Степан только повел плечом, оглянулся на едущий следом грузовик и увидел Женьку. Он сидел рядом с Кузьмой и обеими руками прижимал к себе новенькую винтовку. Из-под гимназической фуражки белела повязка, глаза блестели, и весь он был взъерошенный, как мокрый воробей.

- Кто этому гимназеру винтовку дал? - удивился Степан.

- Я, - улыбнулся Колыванов. - Считаешь, зря?

- Факт, зря! - угрюмо кивнул Степан, помолчал и сказал: - А может, не зря...

Ветер рвал провода над трамвайными рельсами, над крышами домов светлела узкая полоска неба, и где-то близко били орудия.

VIII

Женька теперь жил в коммуне.

Размещалась она в клубе, куда ребята притащили железные койки под серыми солдатскими одеялами, разжились кое-какой посудой, соорудили печку и поставили ее в самой парадной комнате. На ней варили суп с воблой и кипятили воду в большом закопченном чайнике.

В доме, правда, была кухня, и там стояла здоровенная чугунная плита. Но дров она сжигала уйму, а разносолов никаких не предвиделось, поэтому решили обойтись "буржуйкой".

Девчонки в своей комнате понавешали на окна занавески из марли, Степан хотел их содрать, но девчата разбушевались и выставили его из комнаты. Потом Глаша с Настей долго мудрили над куском кумача и вывесили плакат: "Комсомолец, охраняй пролетарскую красоту!"

Степан только головой покрутил, а девчонки разошлись окончательно и объявили, что они не рабы, и поэтому готовить обед и мыть посуду будут все по очереди. В первый день своего дежурства Степан сварил такой кондёр из пшена, что его можно было кидать о стену. Стенка трескалась, а каше хоть бы что! Кузьма разбивал ее молотком в порошок и заливал горячей водой. Получался супчик.
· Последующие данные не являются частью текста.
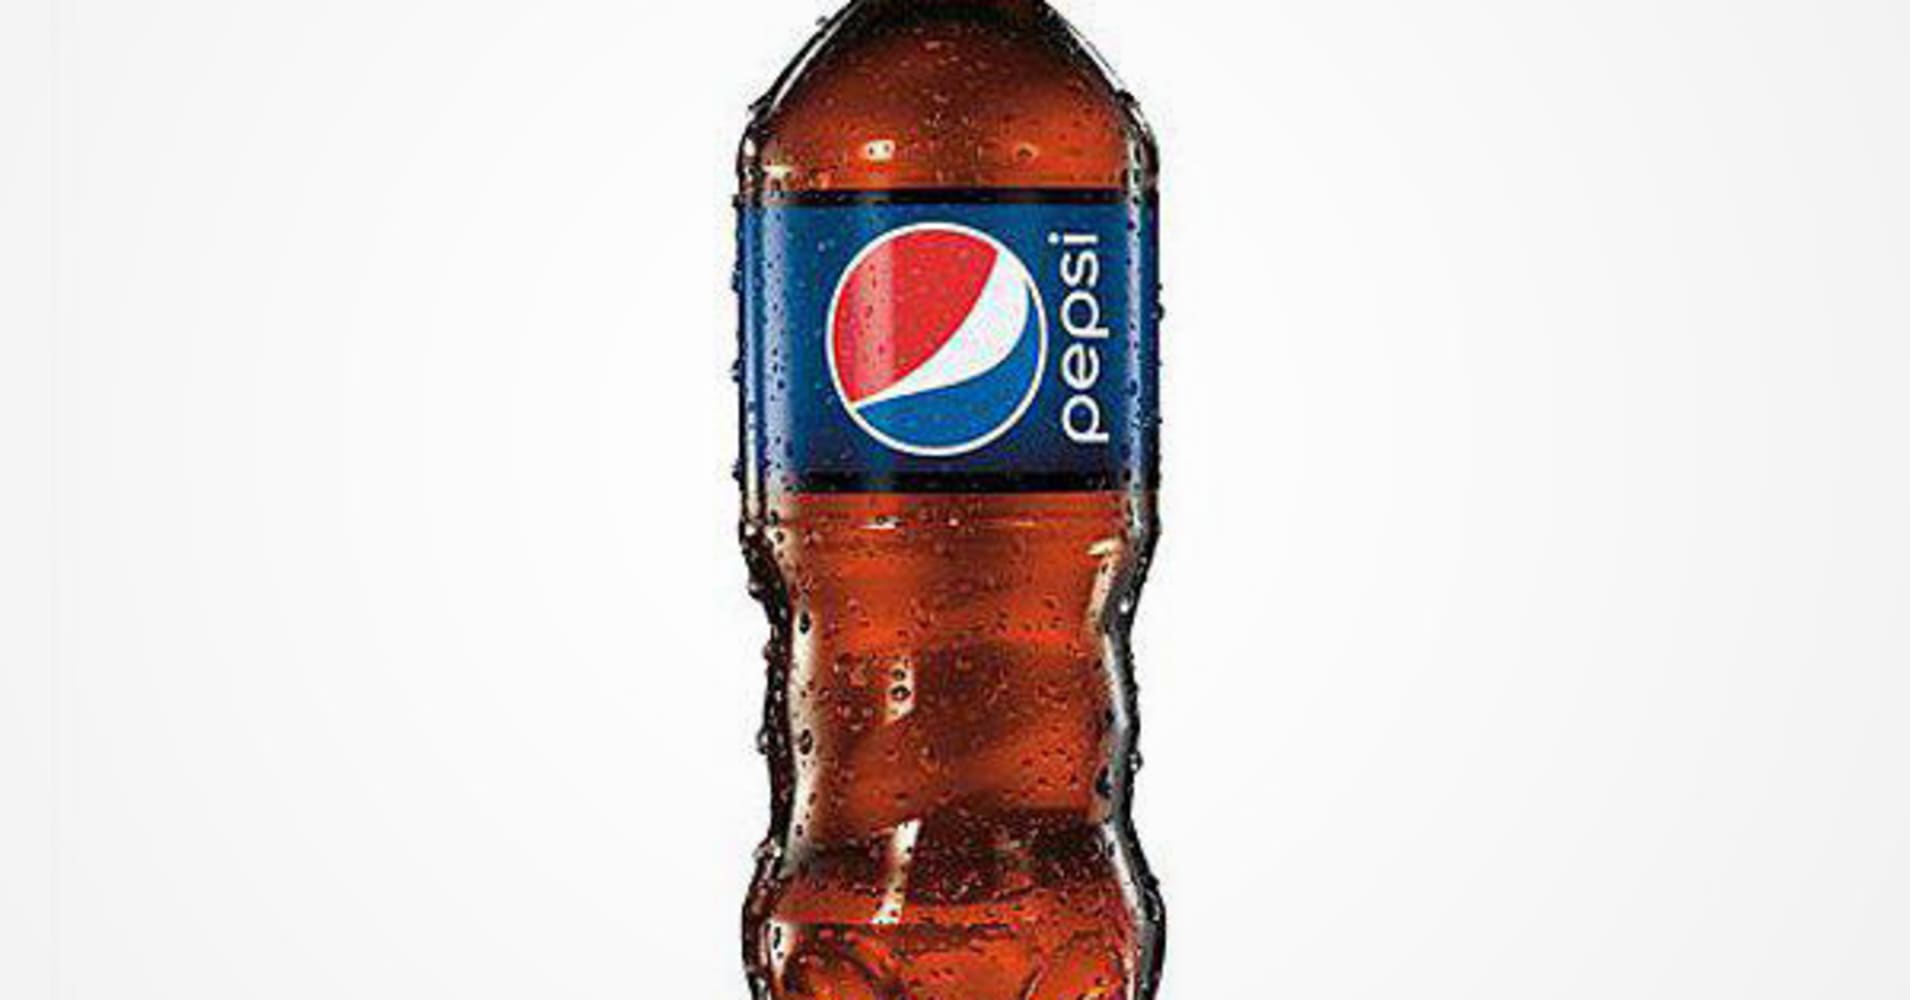 Pepsi Unveils First Bottle Redesign in 17 Years

Подгорелый, но есть можно!

Женька сообщил, что этот способ изобрели американские индейцы и называется порошок "пеммикан". Только делают его не из пшена, а из мяса.

Федор сказал, что из мяса, наверное, лучше, но все равно перевод добра: мясо не мука и нечего его молоть.

Женька заспорил с ним, и пытался объяснить, что делается это, чтобы легче было нести запасы еды при дальних переходах и для лучшего хранения.

Степан буркнул, что все это - буржуазный предрассудок. Женька полез в бутылку и стал доказывать, что индейцы не буржуи, а свободное и гордое кочевое племя охотников.

Степан слушал, слушал и спросил: "А этот... как его... Ну, самый главный у них... Как он называется?" Женька ответил: "Вождь племени", и Степан тут же подхватил: "Вот, а ты говоришь!.. Он и есть главный буржуй".

Женька развел руками и сказал, что на таком уровне спорить бессмысленно.

Со Степаном у Женьки отношения складывались напряженно. Первое время Степан приглядывался к нему и, похоже, даже сочувствовал, как пострадавшему от руки белогвардейца. И в то же время не мог заставить себя забыть о том, что еще недавно Женька мирно беседовал со Стрельцовым и даже с Павловым. И если бы не выдал себя во время случайно подслушанного разговора, то не ходил бы сейчас с пробитой башкой, которой он так гордится. А если бы проспал? Так бы и телепался за своим Стрельцовым? Или стал мальчиком на побегушках у Заблоцкого или, еще того хуже, у Павлова?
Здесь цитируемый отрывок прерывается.